Return of Long-form Census Backed by one of Canada's Leading Demographics Experts
Return of Long-form Census Backed by one of Canada's Leading Demographics Experts

September 5, 2012

One of Canada’s leading demographic experts is reinforcing a report by Statistics Canada (StatsCan) that recommends reintroducing in 2016 the long-form census.

Dr. Susan McDaniel, a University of Lethbridge Sociology researcher, the Director of the Prentice Institute for Global Population and Economy and a Canada Research Chair in Global Population and Life Course, said the extensive report, made public at the end of August, makes clear a number of reasons why the long form Census, which gathers data from a representative sample of Canadian households, needs to be re-introduced.

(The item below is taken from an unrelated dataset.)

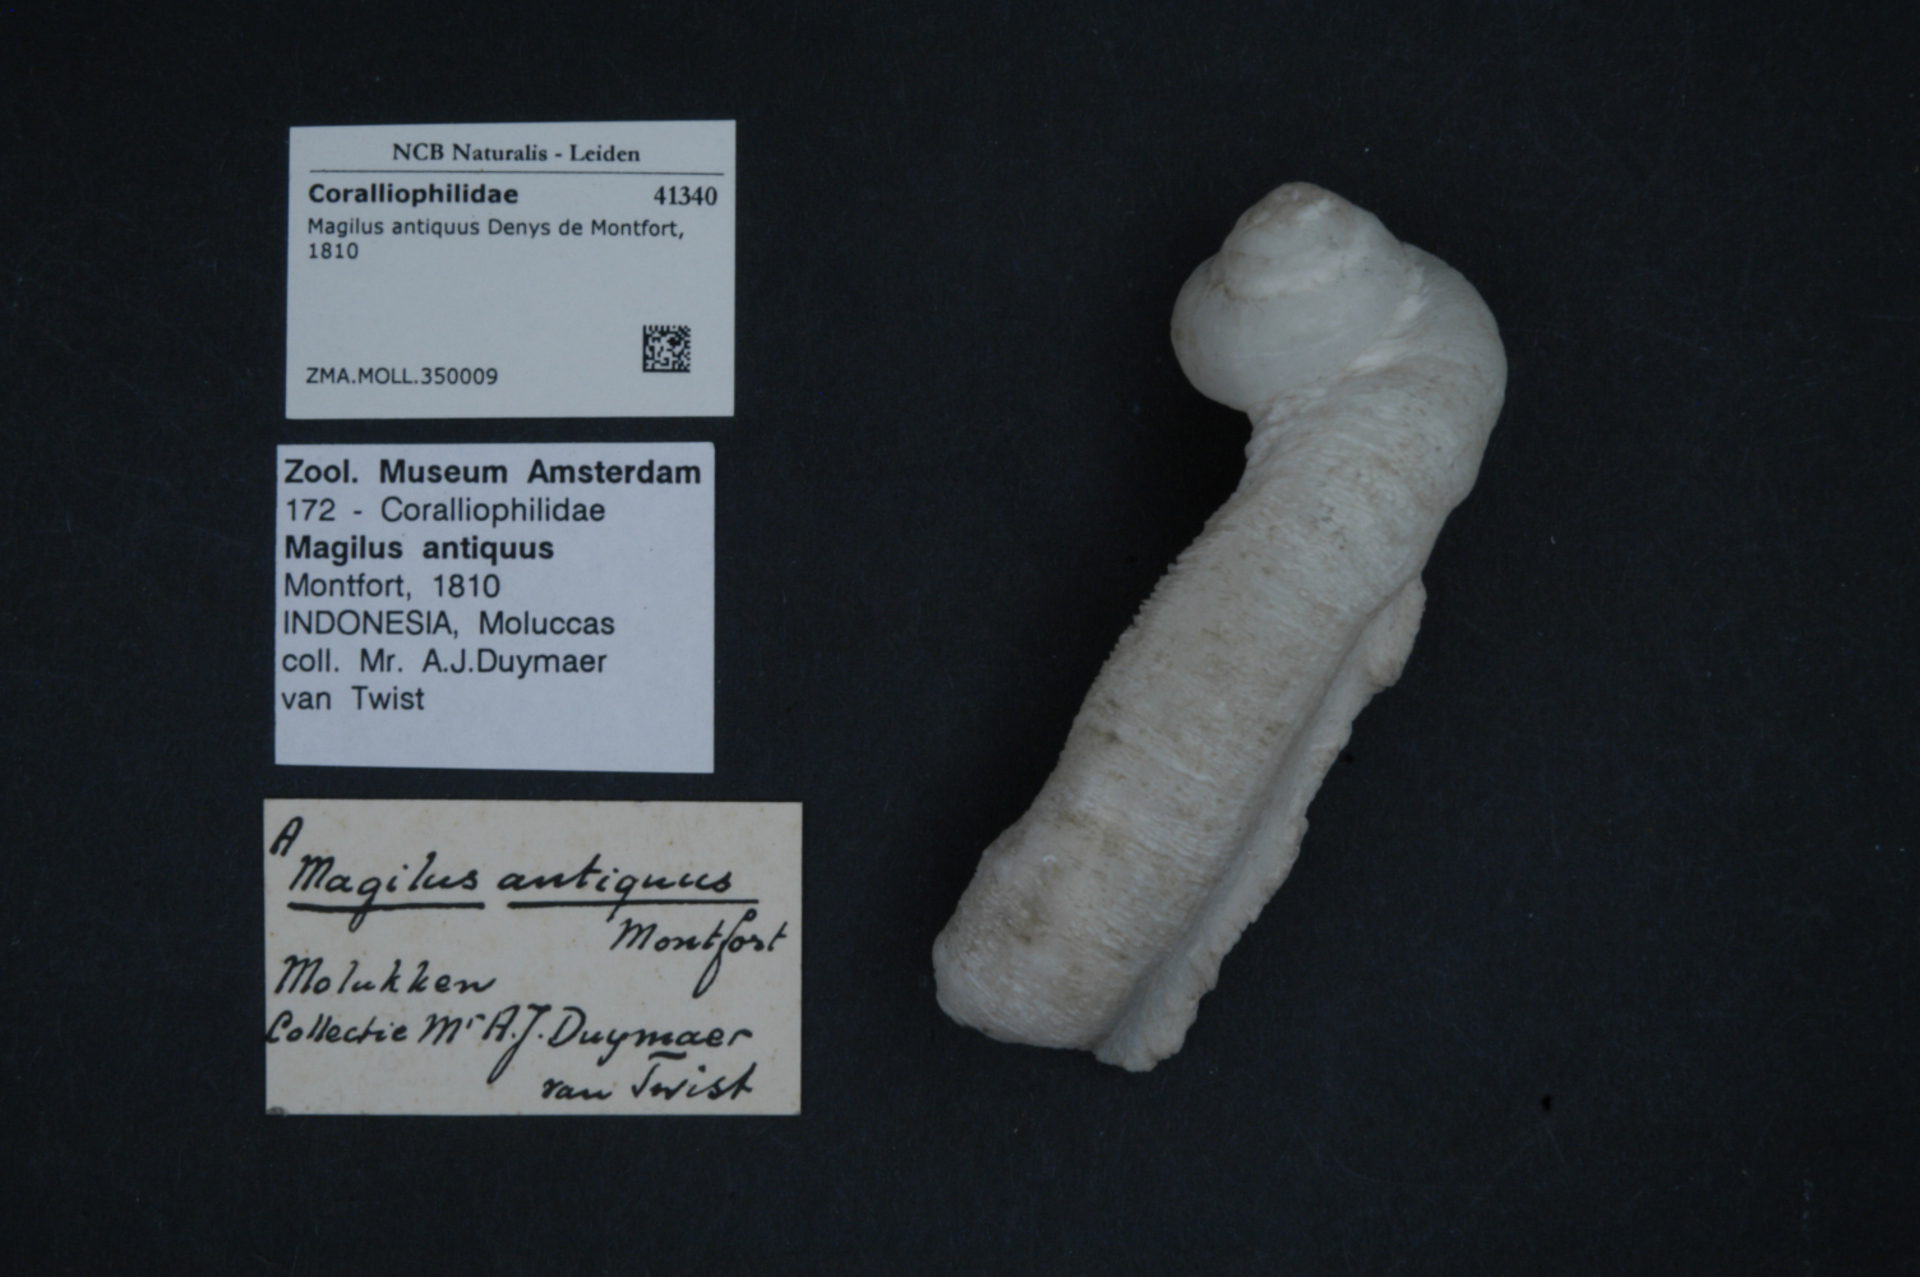 ZMA.MOLL.350009   Magilus antiquus Denys de Montfort, 1810
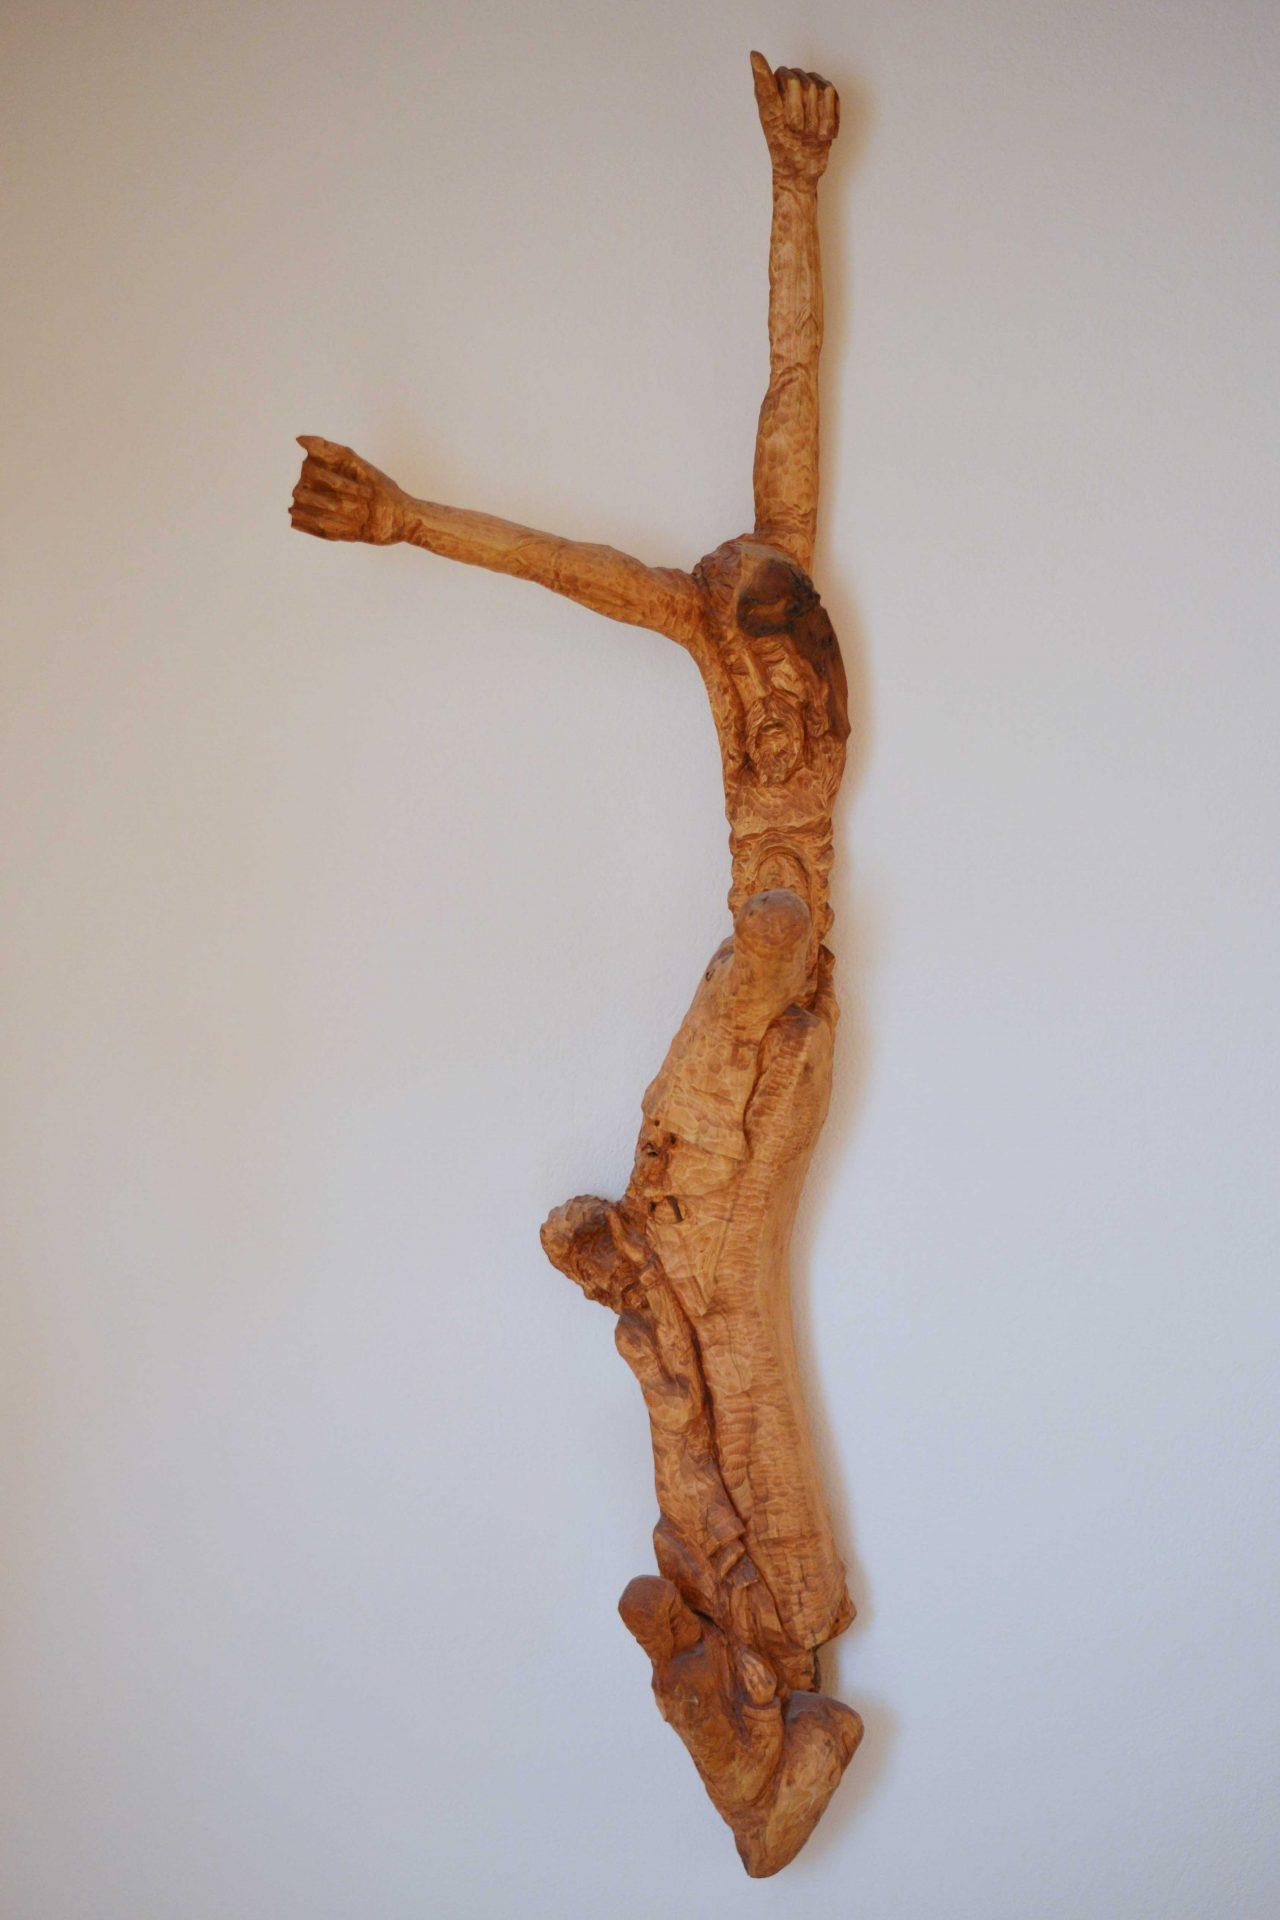 drevena-socha-umenie-drevorezba-jezis-kristus

“The cancellation of the 2011 long-form census has left a big hole in long term trends, a hole that will always be there. The chances of a government agency or other organization making an ill-informed decision in the future could be quite high, based on the increasingly-outdated 2006 Census data. We could save a lot of trouble for people decades in the future if we were to correct this for 2016.”

McDaniel said the data provide crucial information which are used for everything from high level government policies in health, education and other ministries to, at a local level, demographic information that might assist local police, businesses or community groups.

“People would be quite surprised about the reach and impact that long form Census information has on the average person. For example, data from the long form Census is used to plan roads, bridges, schools, hospitals and long-term care facilities, none of which we would wish to do without. The information needs to be kept to a very high standard, and needs to be current so that accurate decisions can be drawn from the census data.”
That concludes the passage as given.